GIZ NLP Agricultural Keyword Spotter
$7,000 USD
Classify audio utterances in Luganda and English from Uganda
476 data scientists enrolled, 139 on the leaderboard
11 September—29 November
Ends in 30 days
Rules clarification - Additional datasets
published 10 Oct 2020, 12:15
edited 12 minutes later

the rules say "You may use only the datasets provided for this competition" but participants can use pretrained weights e.g "Imagenet". If I first train my model on not allowed (public) dataset and use the result as a checkpoint, will it be a rule violation?

I am sorry for my ignorance. This is my first competition on this platform

I was also asking myself the same question but i guess the answer is: yes it will be a rule violation .

The rules aren't that clear! I think that training on other public audio datasets just to get a pretrained model for this task is okay because pretrained weights like imagenet are used. But, merging a public dataset with this dataset to train your final model results in disqualification. Am I correct ??

But may be you should share the pretrained weights with evereyone. Like open source it.

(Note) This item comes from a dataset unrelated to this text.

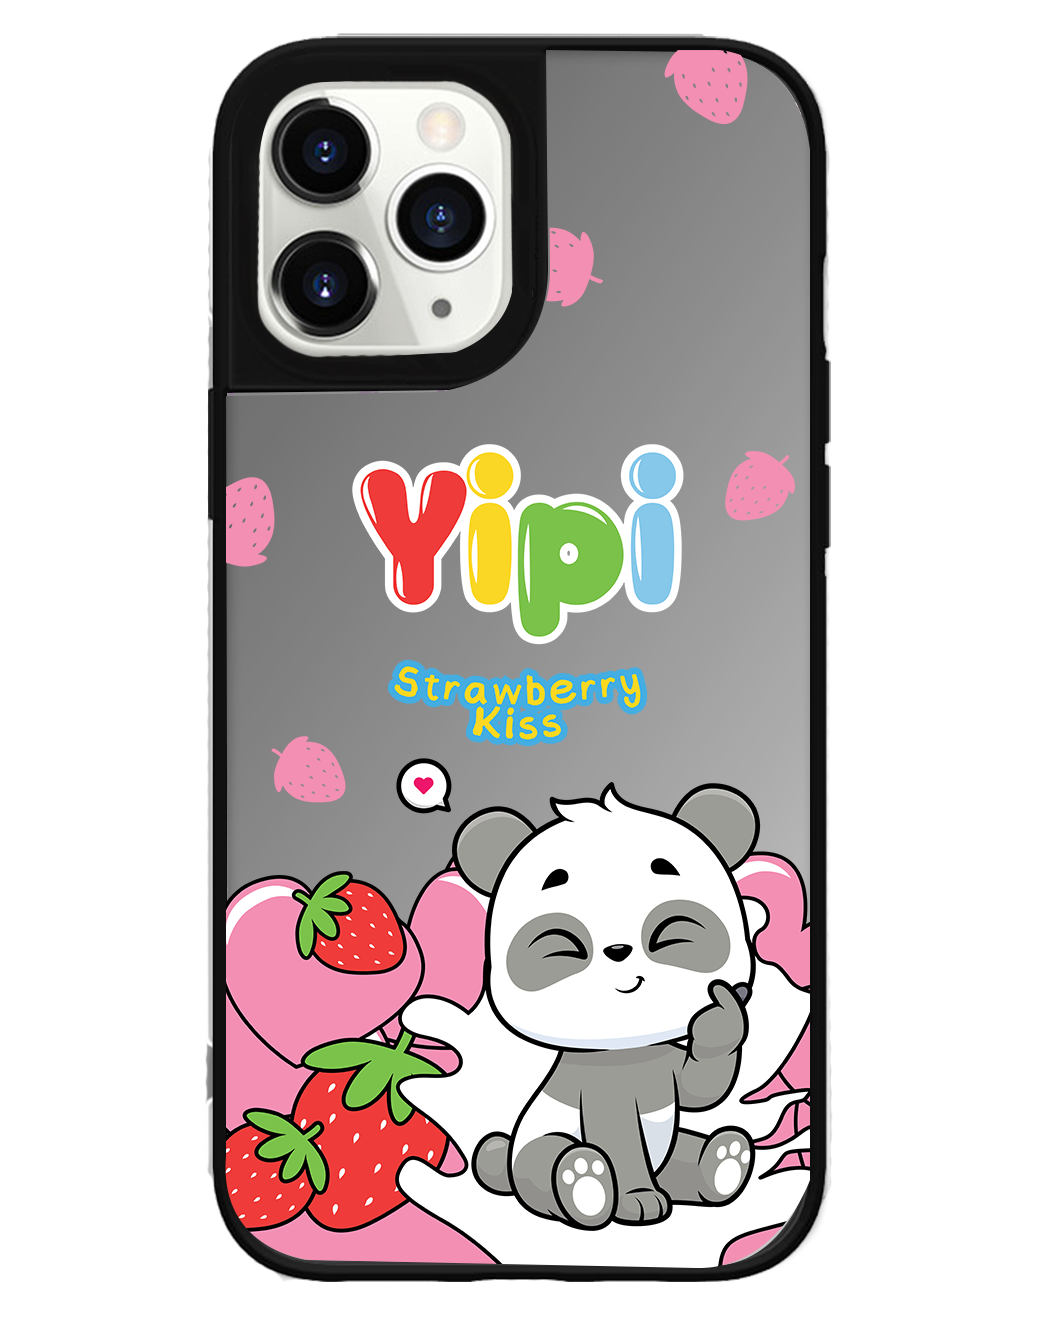 iPhone Mirror Grip Case - Yipi Strawberry Kiss

Zindi needs to confirm. I am not sure.

With image classification, models pre-trained on imagenet are somewhat of a standard, and often built into popular libraries. For audio there isn't an exact equivalent.

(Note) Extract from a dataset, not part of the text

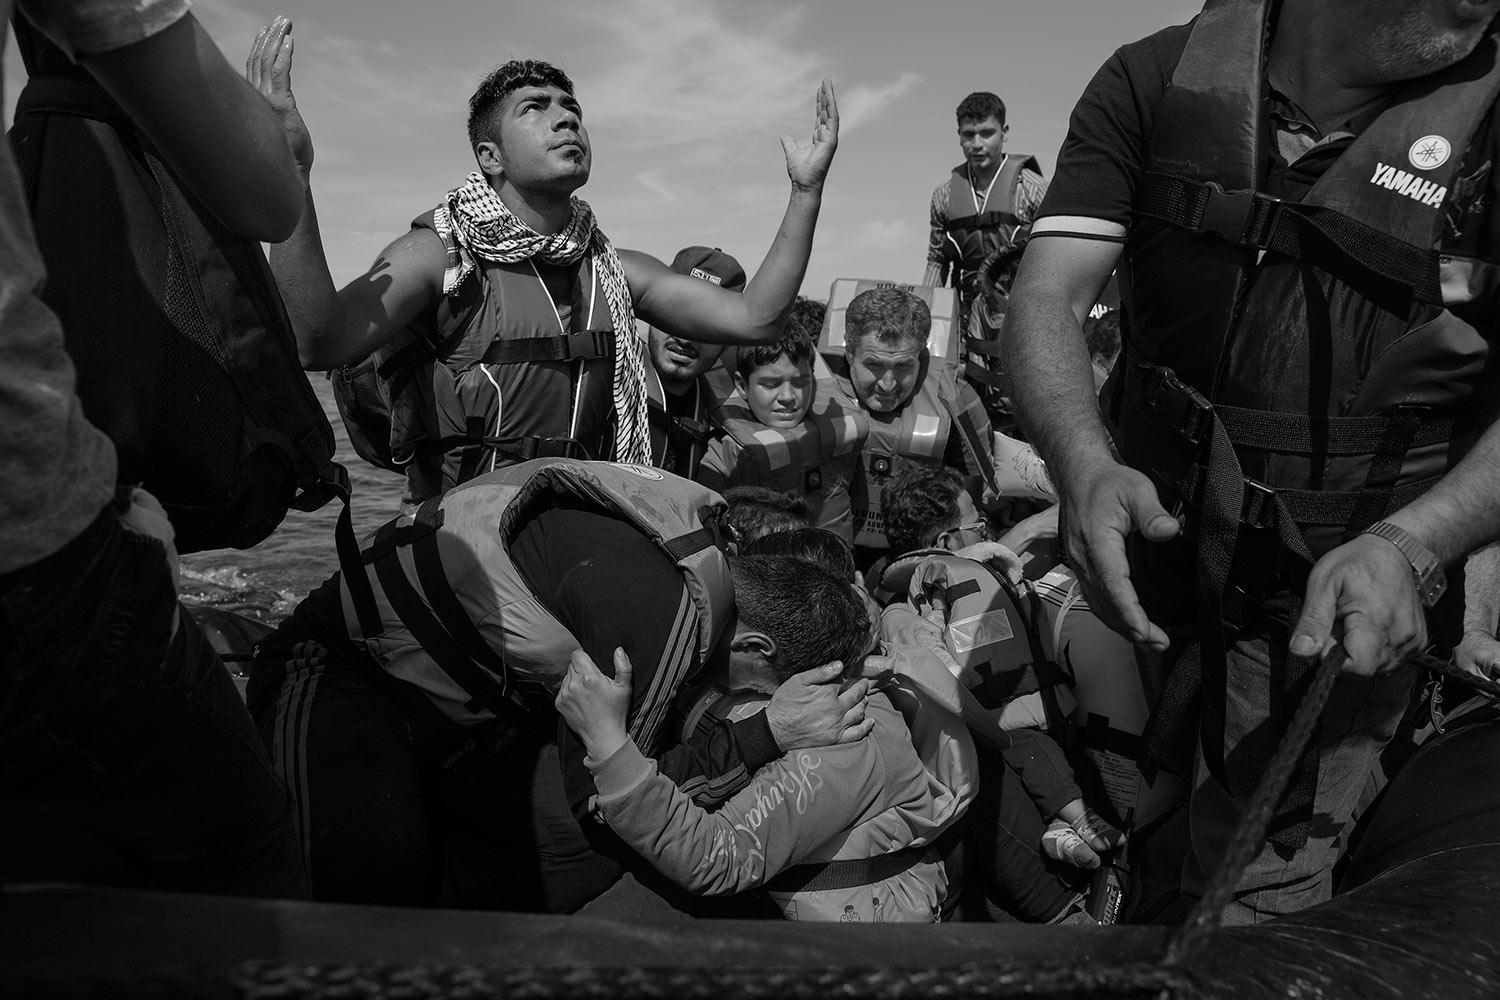 Refugees celebrate after arriving on the beach in Lesbos, Greece. Thousands of migrants each day set out from nearby Turkey for the Greek island, riding in barely seaworthy rubber boats. Some don’t make it, Sept. 26, 2015.

Obviously, we don't want a situation where someone wins because of access to something the other participants didn't have. So in general sourcing, an extra dataset (even a public one) and using that to get an edge would be a potential issue. But if you have a dataset (or even better a pretrained model) in mind that you think would help all entrants, and it's public+free, let us know and we can see about adding it as an allowed source.